- DATA EXCERPT
========================================

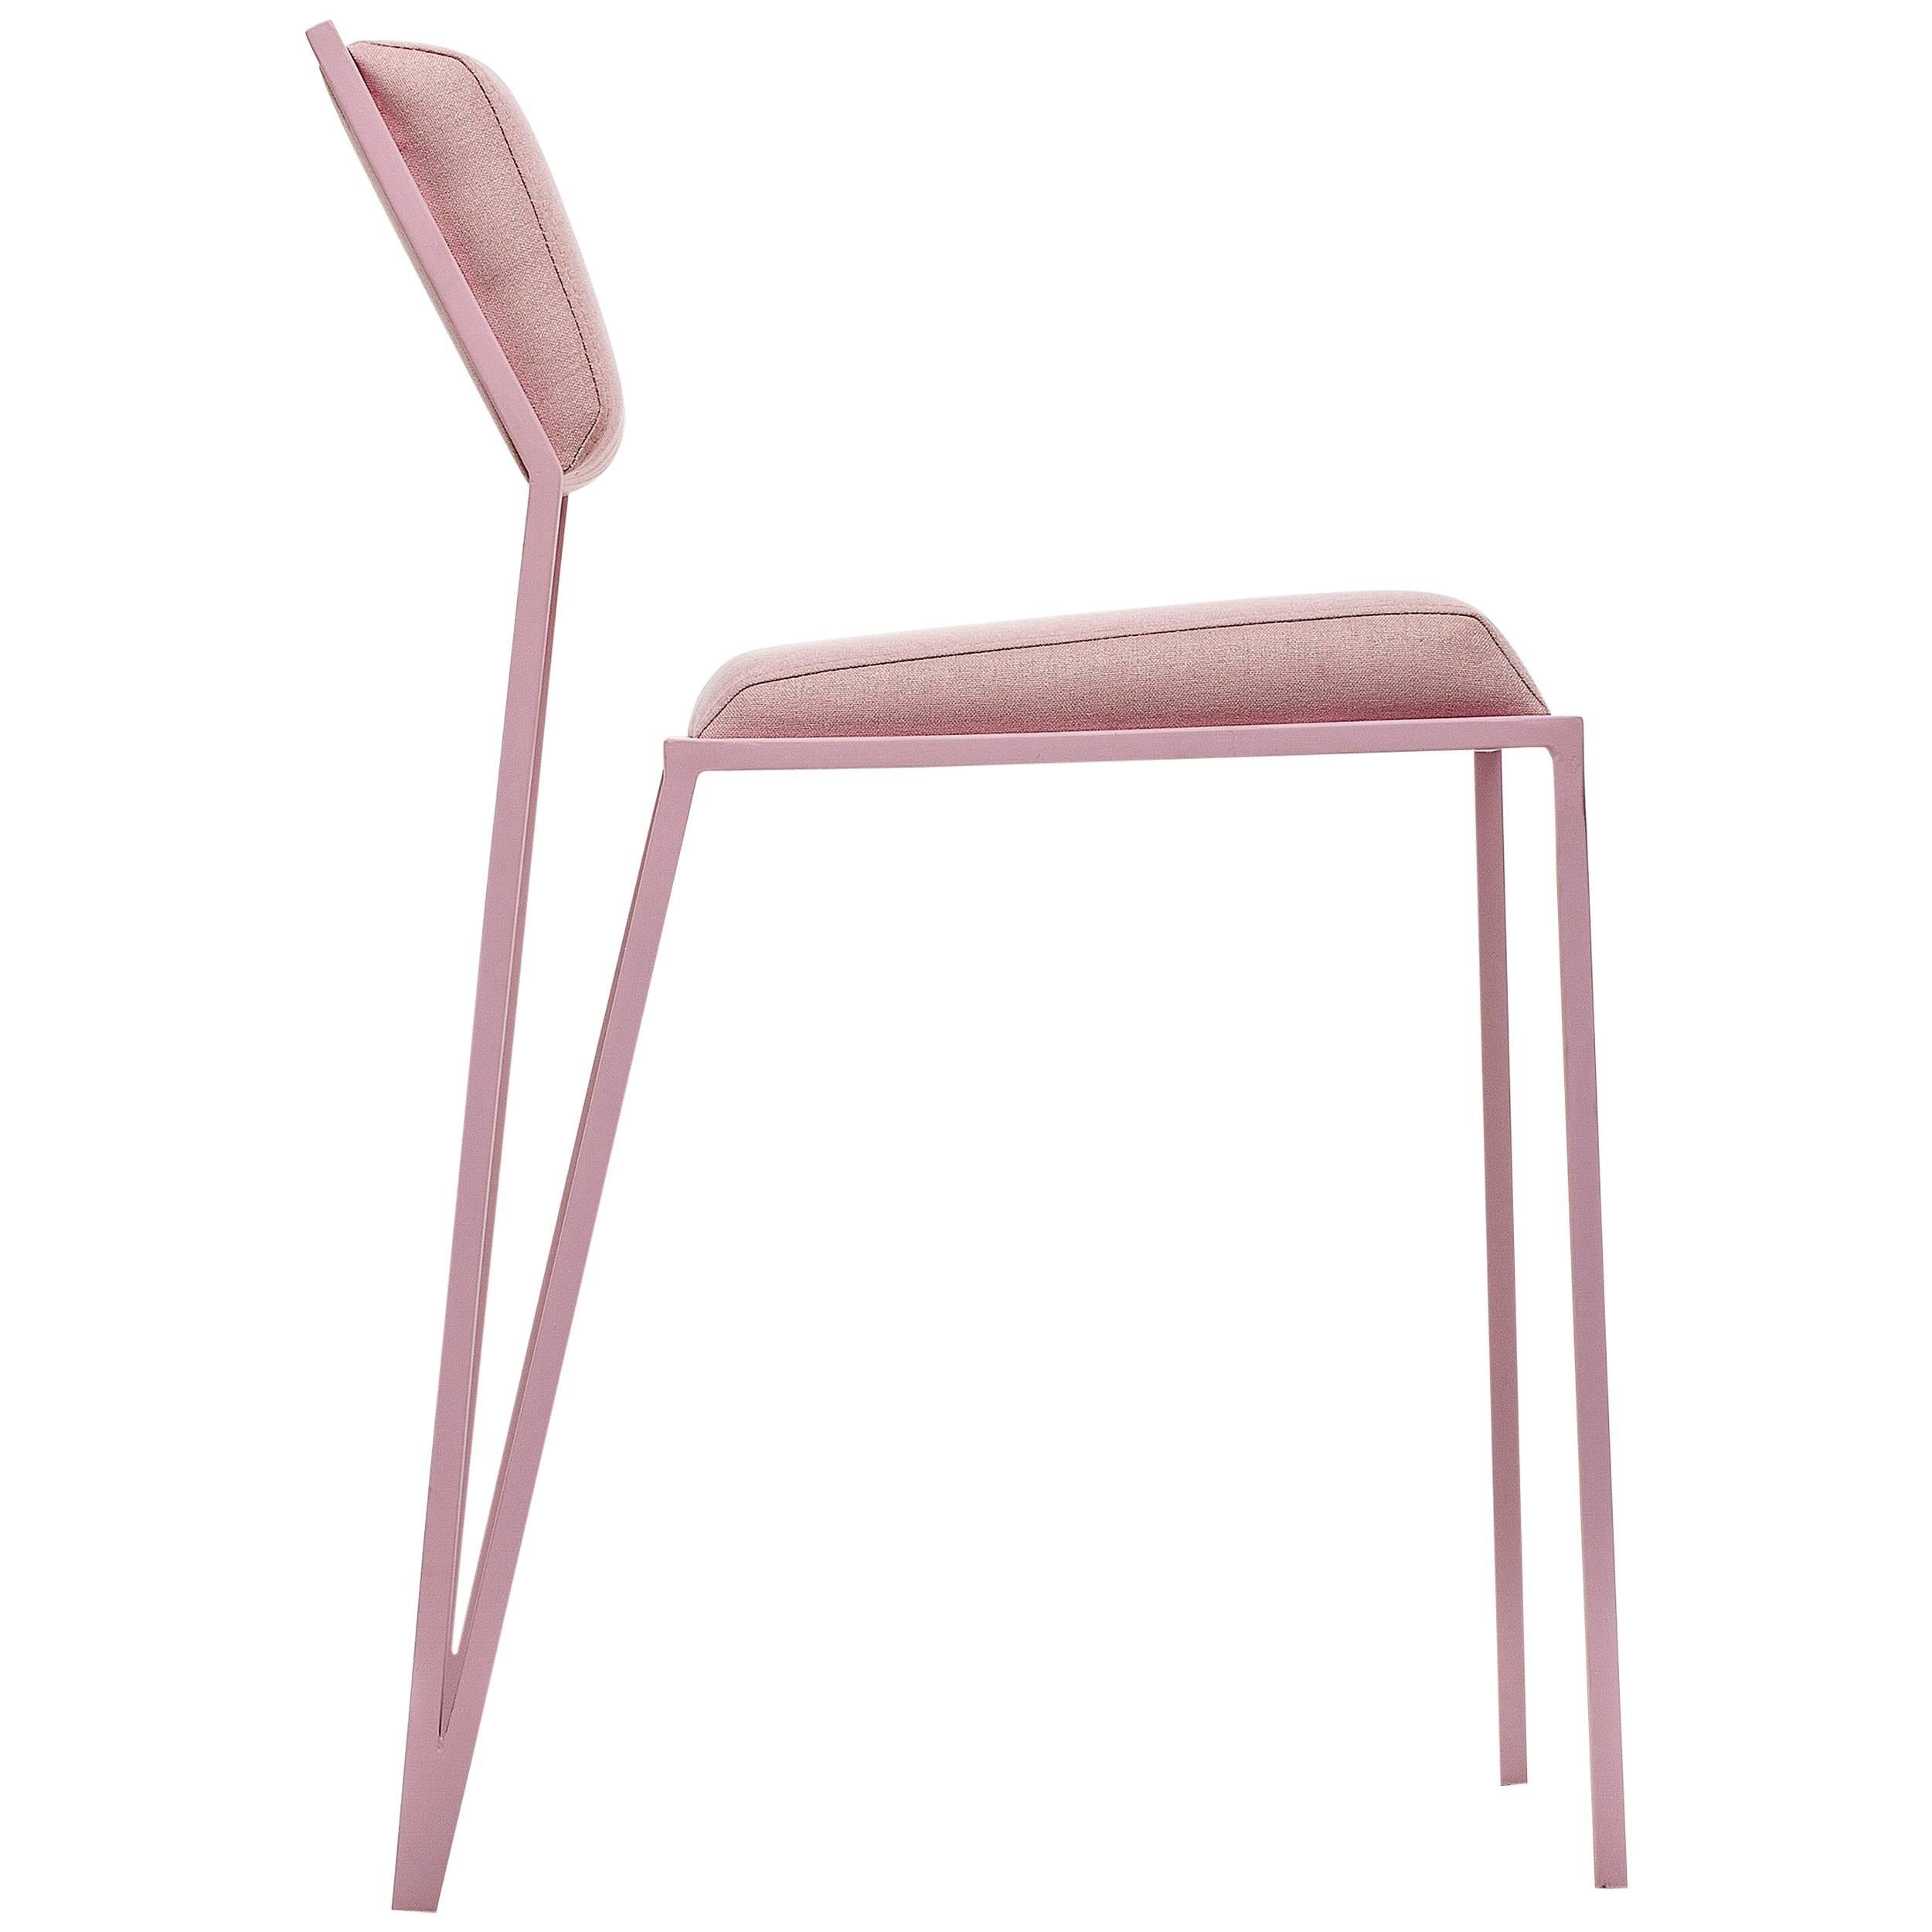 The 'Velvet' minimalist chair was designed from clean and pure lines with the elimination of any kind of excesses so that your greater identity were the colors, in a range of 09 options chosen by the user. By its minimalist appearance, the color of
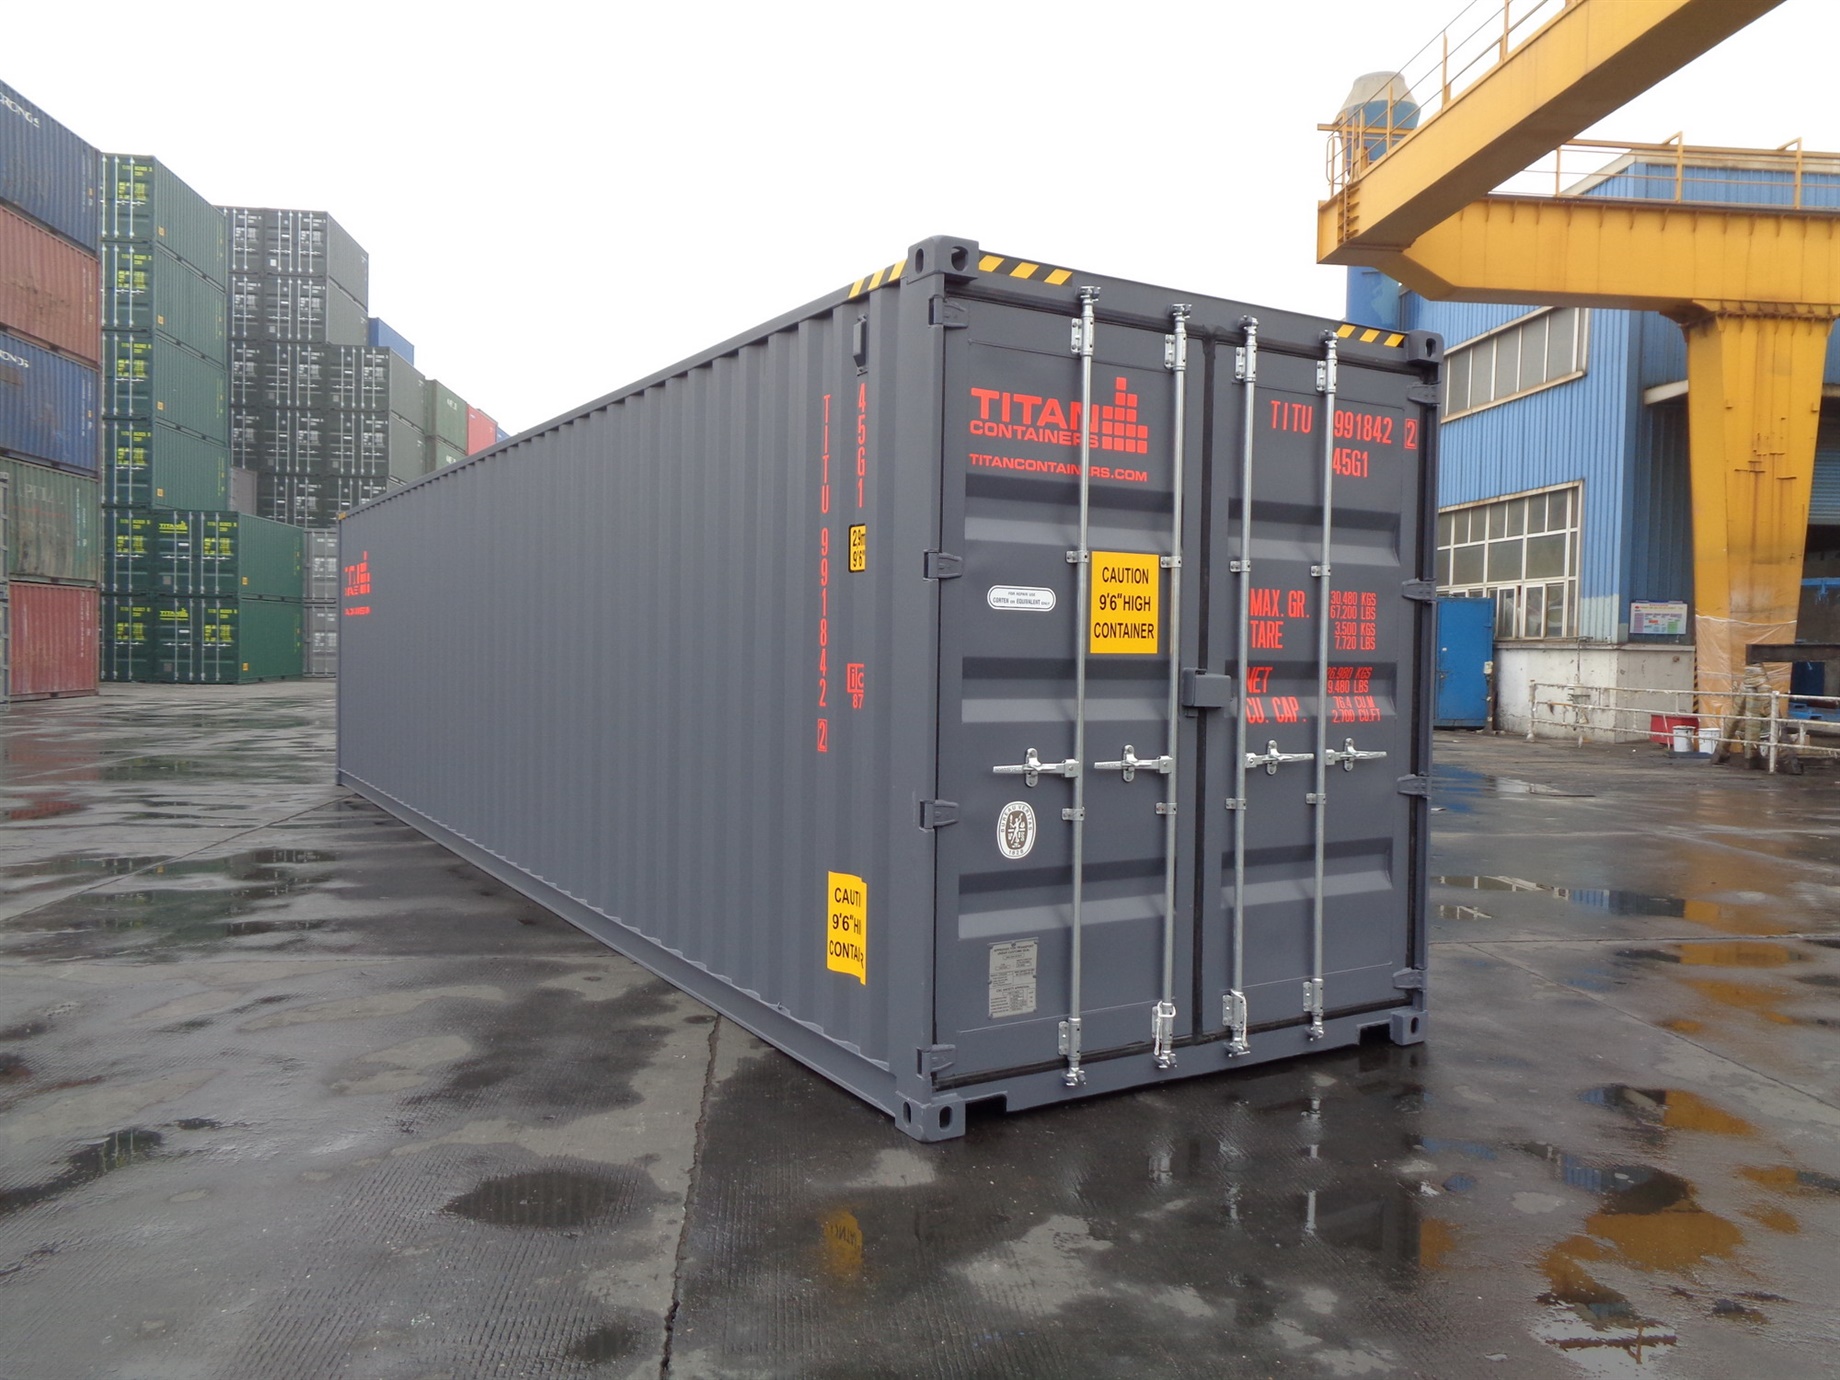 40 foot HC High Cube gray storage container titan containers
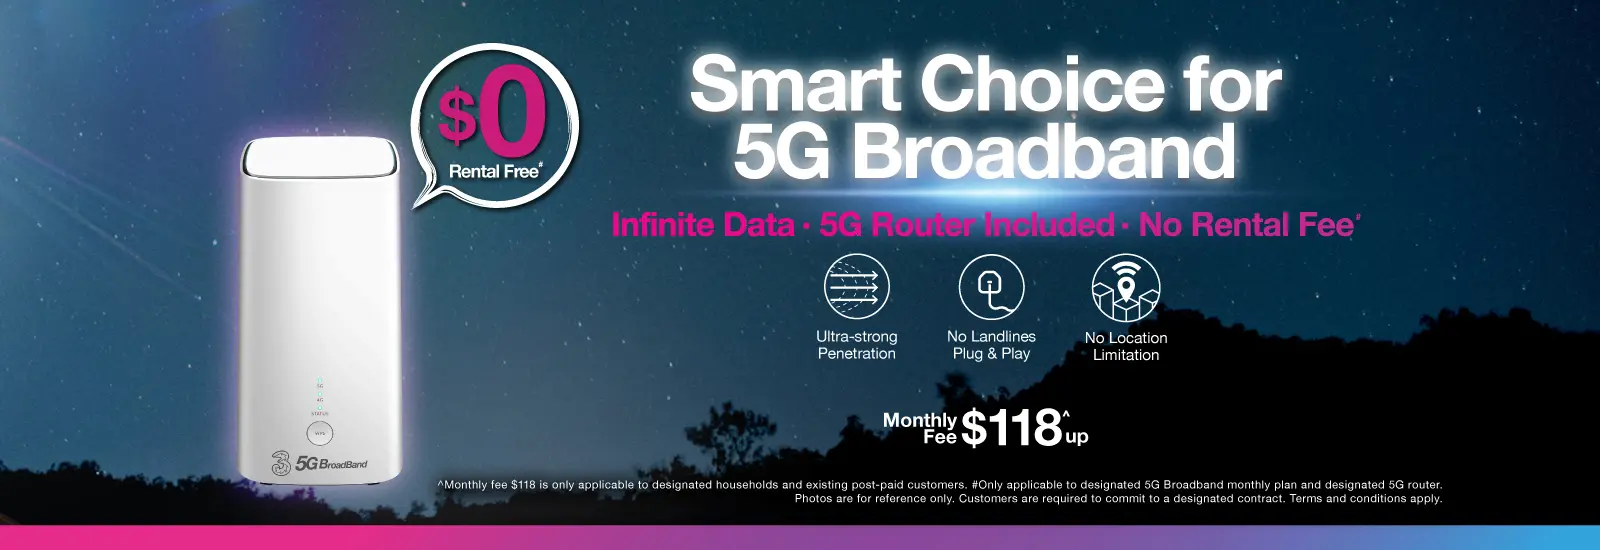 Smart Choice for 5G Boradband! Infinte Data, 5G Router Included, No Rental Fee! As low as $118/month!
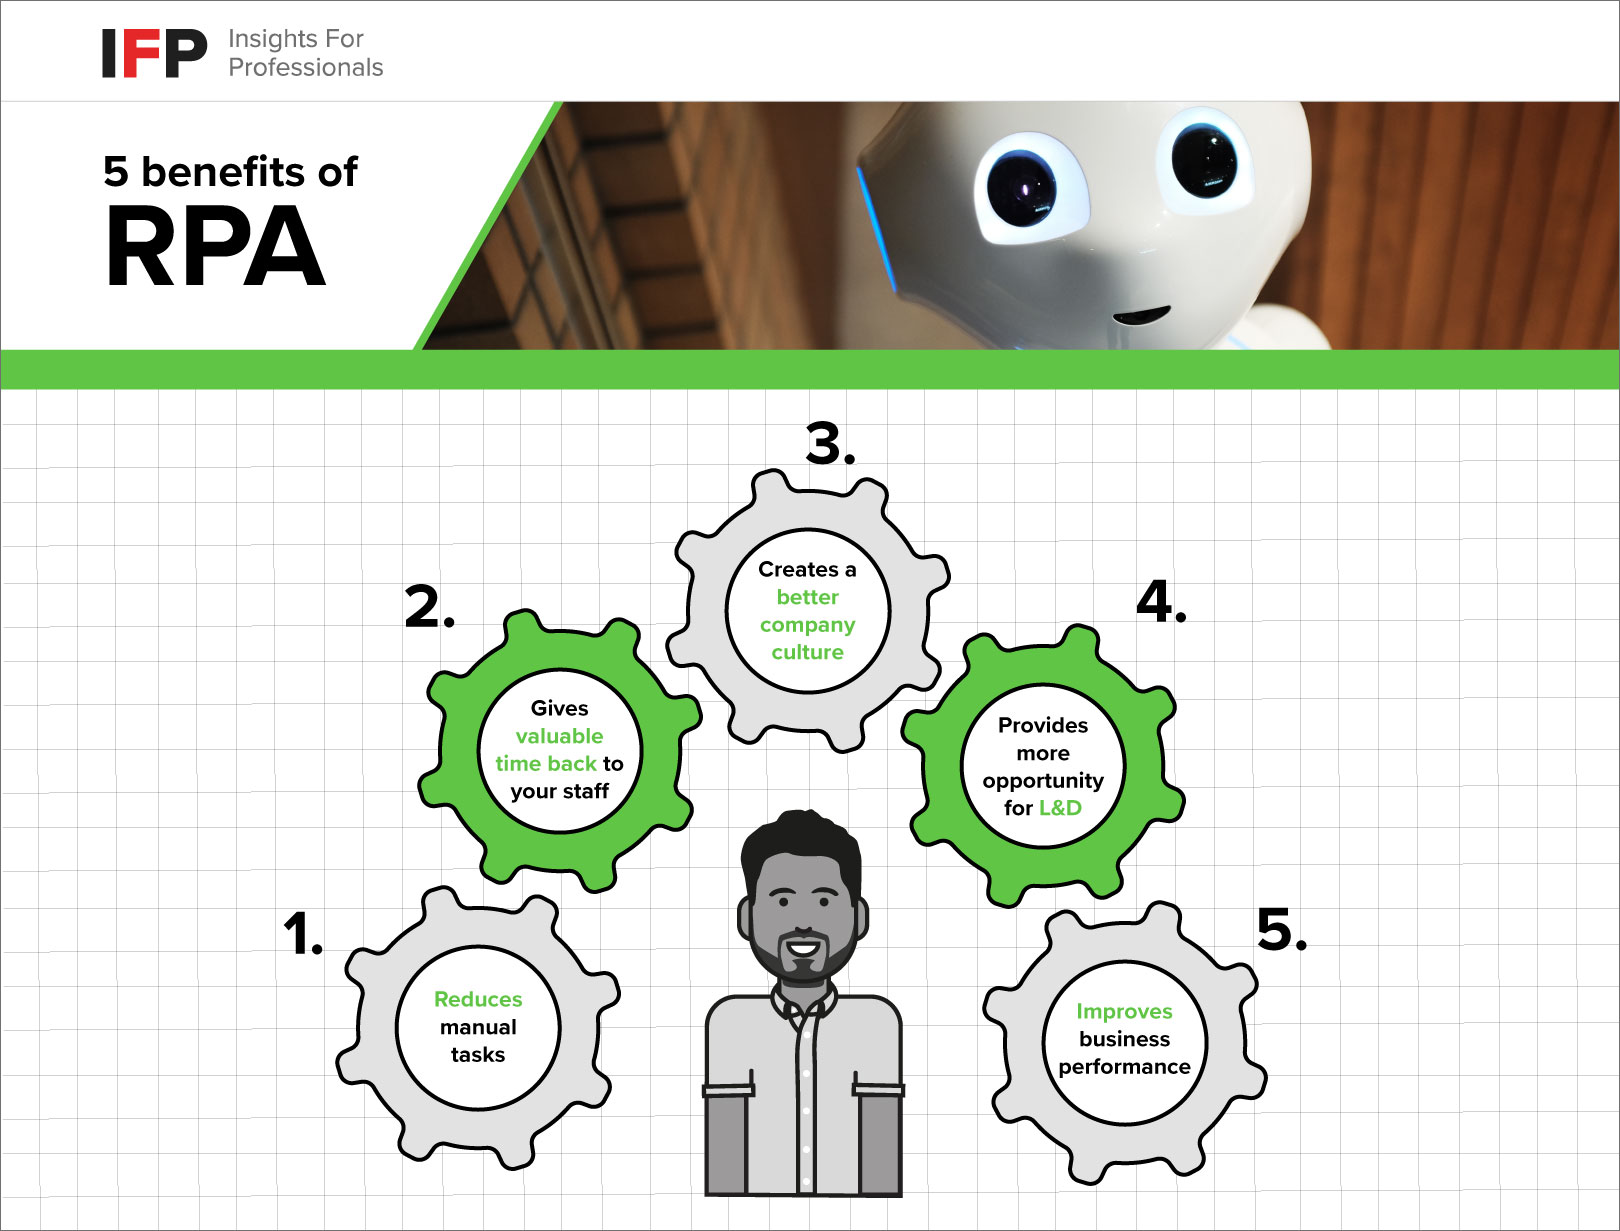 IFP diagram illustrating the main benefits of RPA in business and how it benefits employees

========================================

Give the data above back unchanged, except for the pictures.

- COMPLETED EXERCISE
 The 'Velvet' minimalist chair was designed from clean and pure lines with the elimination of any kind of excesses so that your greater identity were the colors, in a range of 09 options chosen by the user. By its minimalist appearance, the color of
 40 foot HC High Cube gray storage container titan containers
 Smart Choice for 5G Boradband! Infinte Data, 5G Router Included, No Rental Fee! As low as $118/month!
 IFP diagram illustrating the main benefits of RPA in business and how it benefits employees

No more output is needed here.